▸ Data excerpt
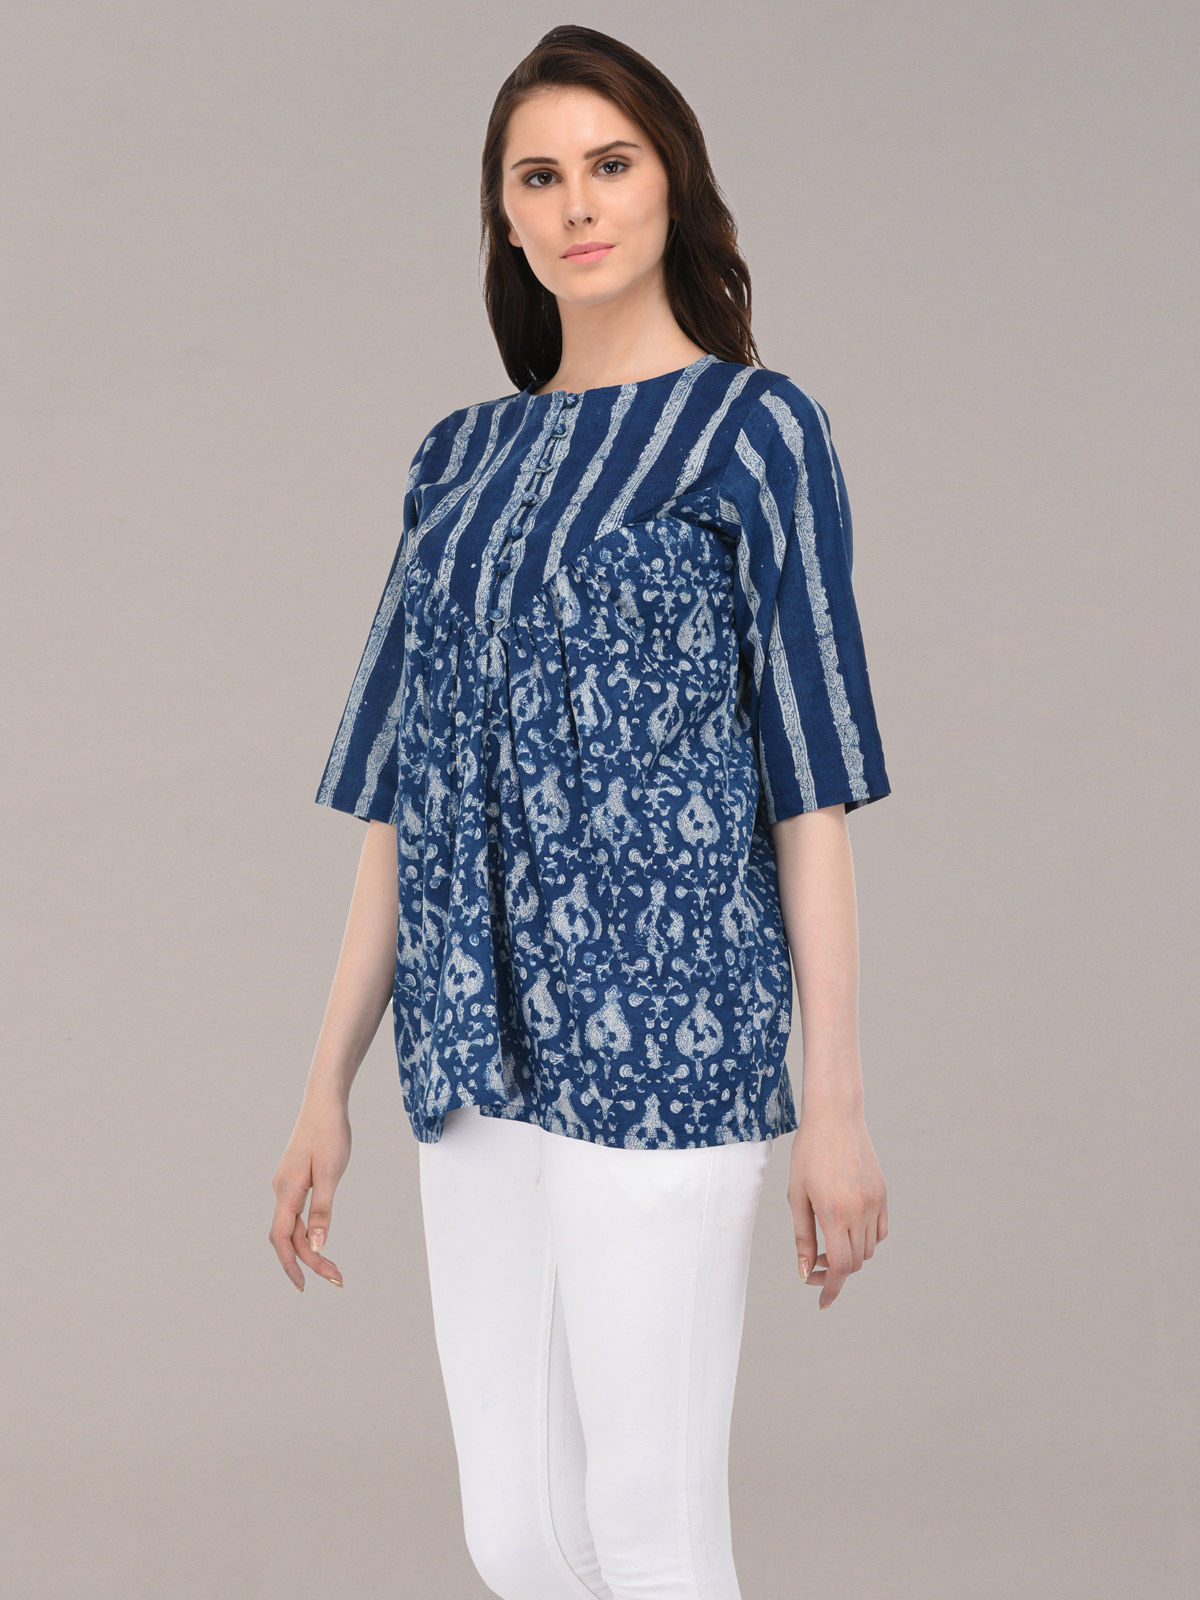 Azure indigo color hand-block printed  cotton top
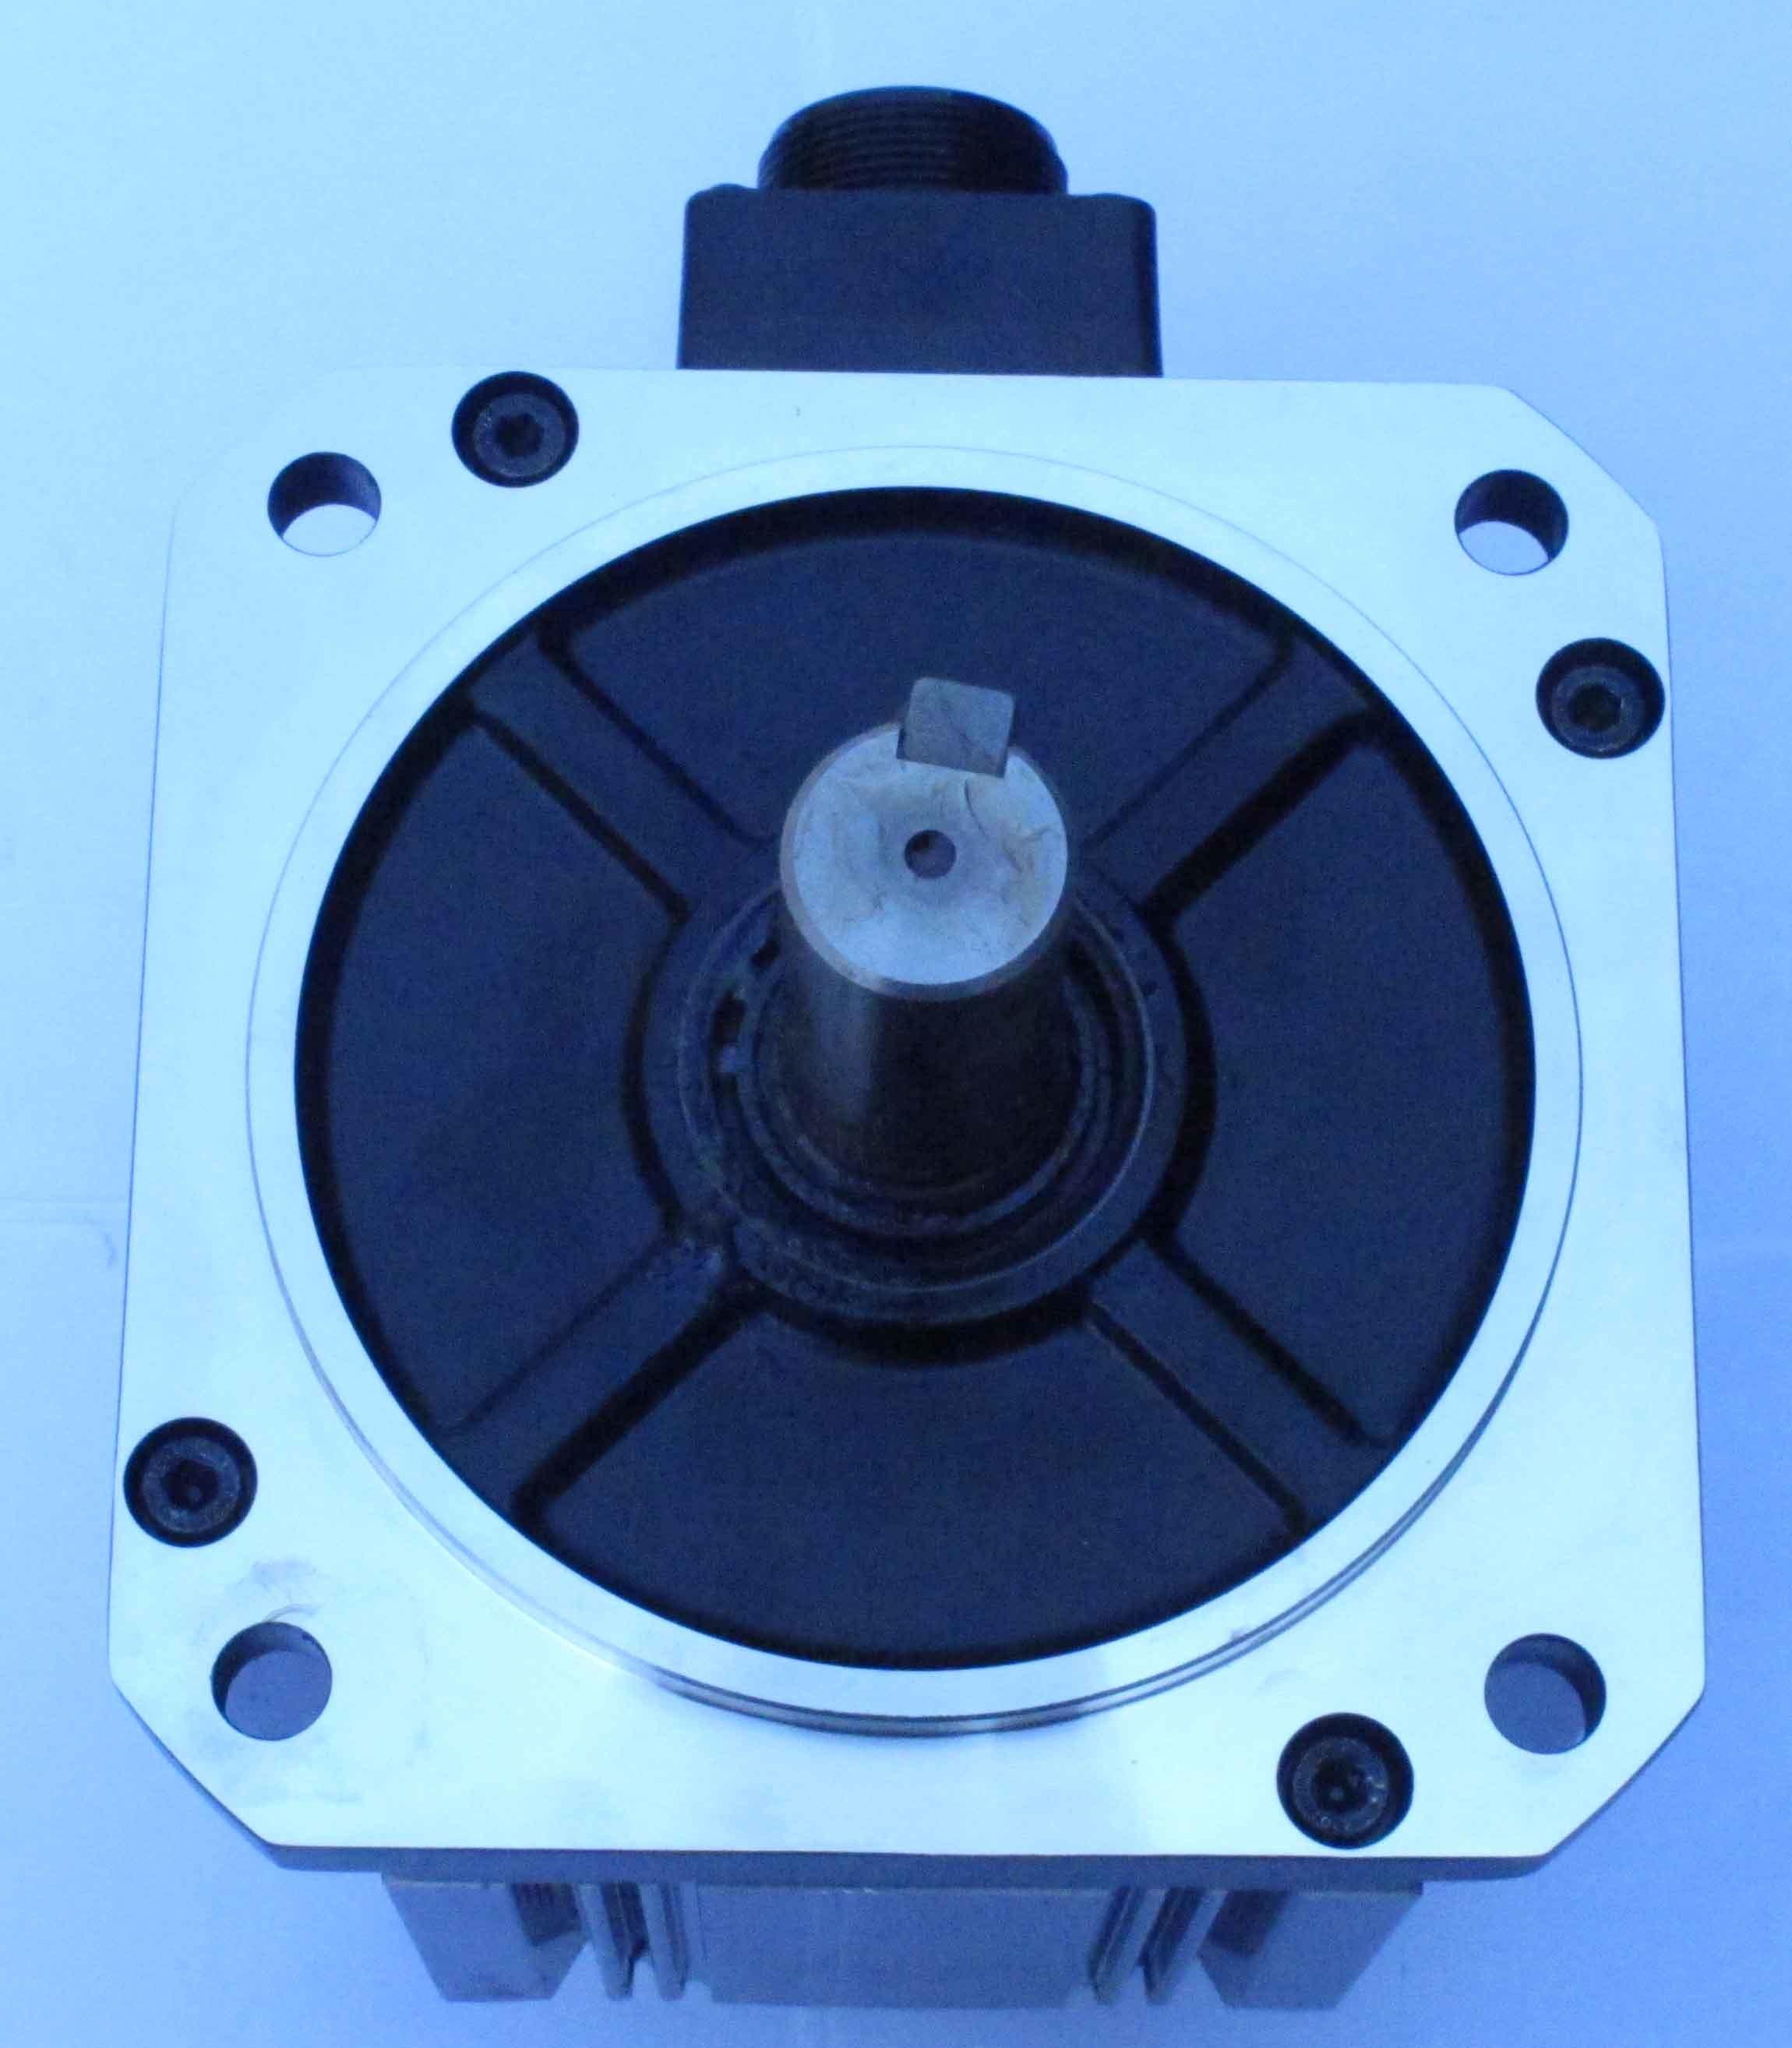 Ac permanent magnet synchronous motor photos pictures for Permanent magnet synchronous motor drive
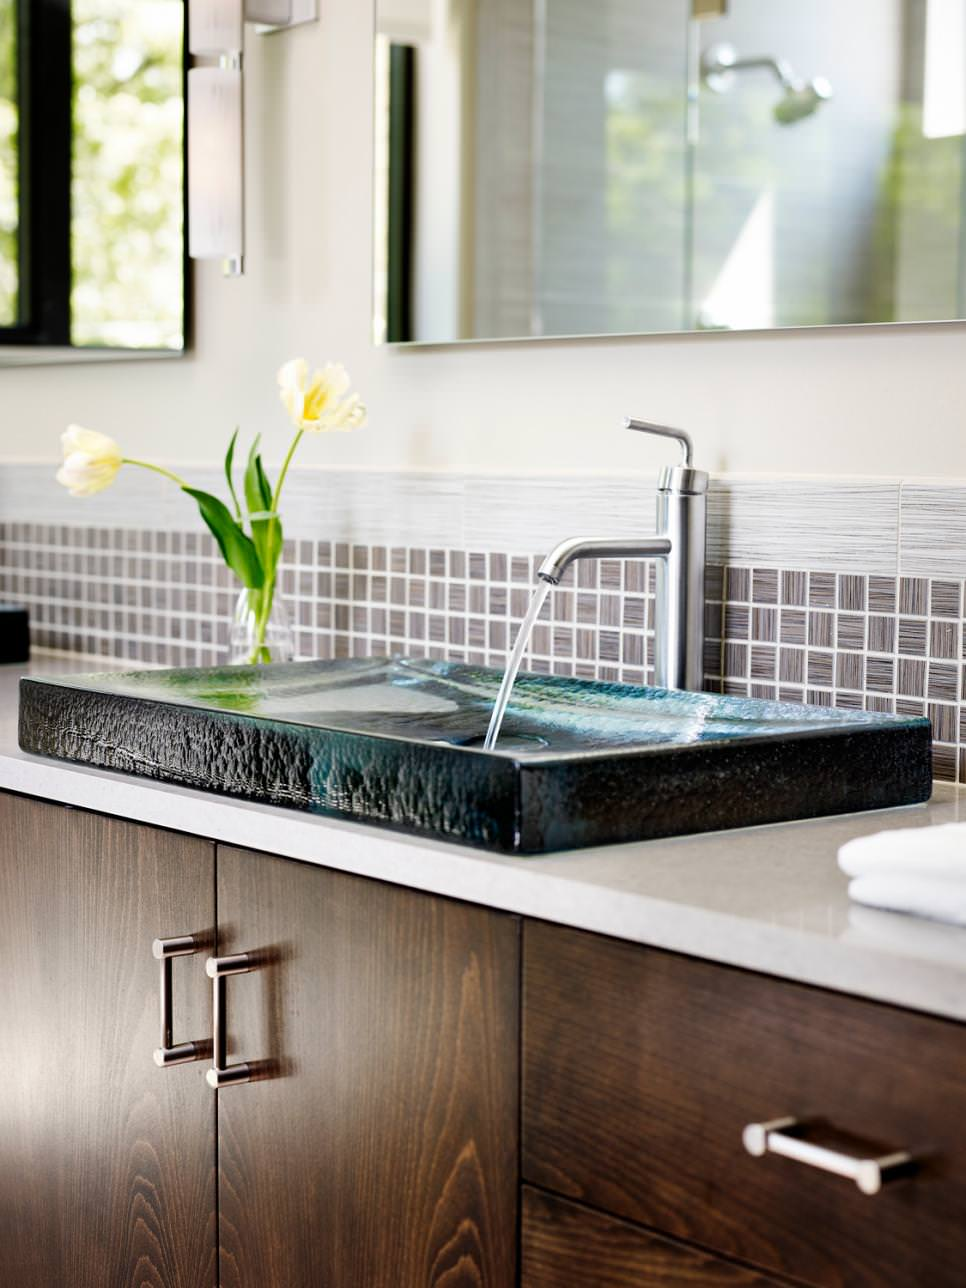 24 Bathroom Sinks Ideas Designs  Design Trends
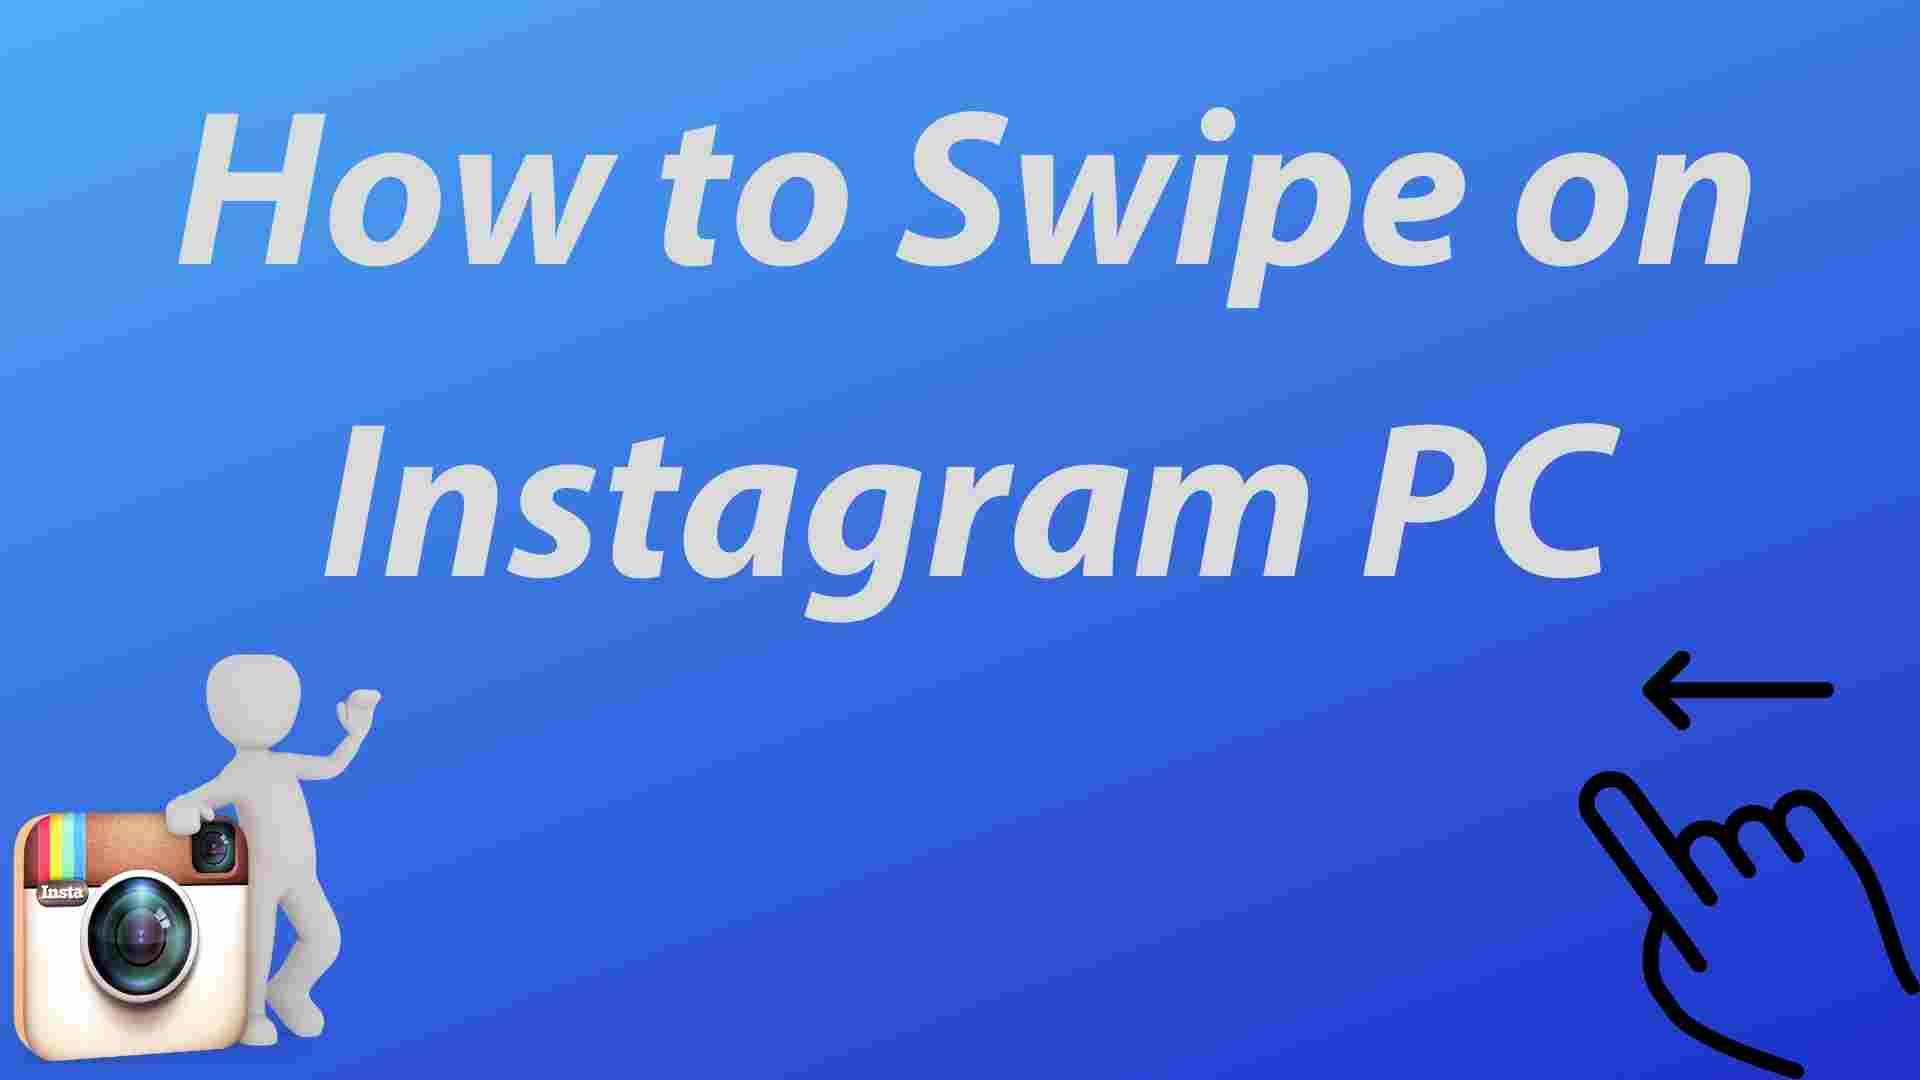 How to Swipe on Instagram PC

▸ Task goal
Restate the material above exactly. Exclude all pictures.

▸ Answer to this problem
 Azure indigo color hand-block printed  cotton top
 Ac permanent magnet synchronous motor photos pictures for Permanent magnet synchronous motor drive
 24 Bathroom Sinks Ideas Designs  Design Trends
 How to Swipe on Instagram PC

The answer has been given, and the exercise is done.